Under our criteria, the rating on monoline-insured debt reflects the higher of the rating on the monoline insurer and Standard & Poor's underlying rating. Therefore, the rating on the senior unsecured debt guaranteed by Assured Guaranty (Europe) Ltd. reflects the higher SPUR.
The stable outlook reflects our view that U. K.-based GDN companies Scotland Gas Networks and Southern Gas Networks will maintain a strong operational performance. The outlook also assumes that the consolidated group at the level of Scotia Gas Networks Ltd. (Scotia Gas; not rated)--which is the focus of our analysis--will exhibit a stable financial profile. In particular, we anticipate that the group's adjusted FFO to debt will remain sustainably above 9%.

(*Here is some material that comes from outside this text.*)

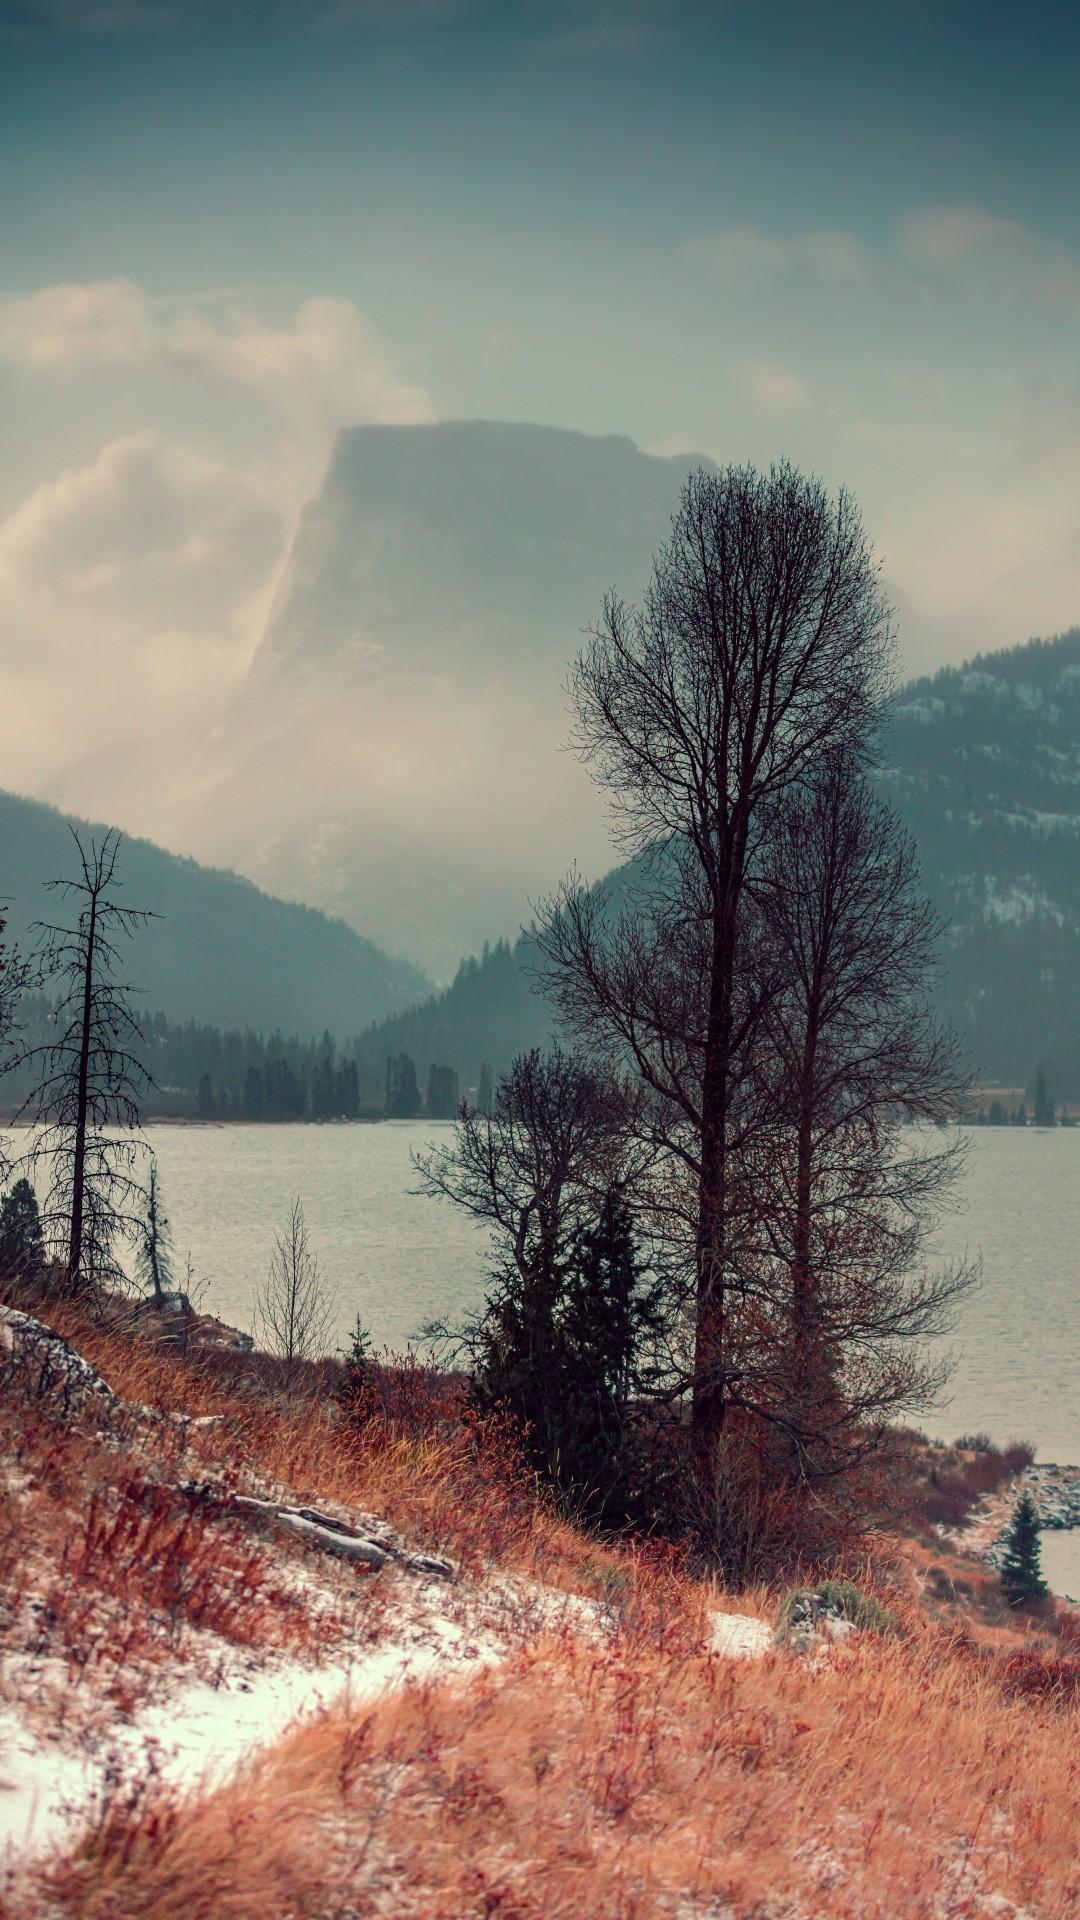 Landscape iphone 6s plus wallpaper

We could consider lowering the ratings if Scotia reports a weaker operating performance or reduced profitability, which could result from cost overruns, compared with regulatory assumptions. We could also consider a negative rating action if our forecast for Scotia's adjusted FFO-to-debt ratio falls below 9% over an extended period. In addition, we could consider lower the ratings if we see a more aggressive shareholder attitude. This would be evident, for example, from higher dividend payouts than we anticipate. We understand that dividend payouts are discretionary.
We consider an upgrade unlikely in the near term. That said, we could consider raising the ratings if Scotia's financial profile improves significantly, for example, if adjusted FFO to debt comfortably exceeded 11% and financial policies became more moderate, resulting in lower leverage than current levels.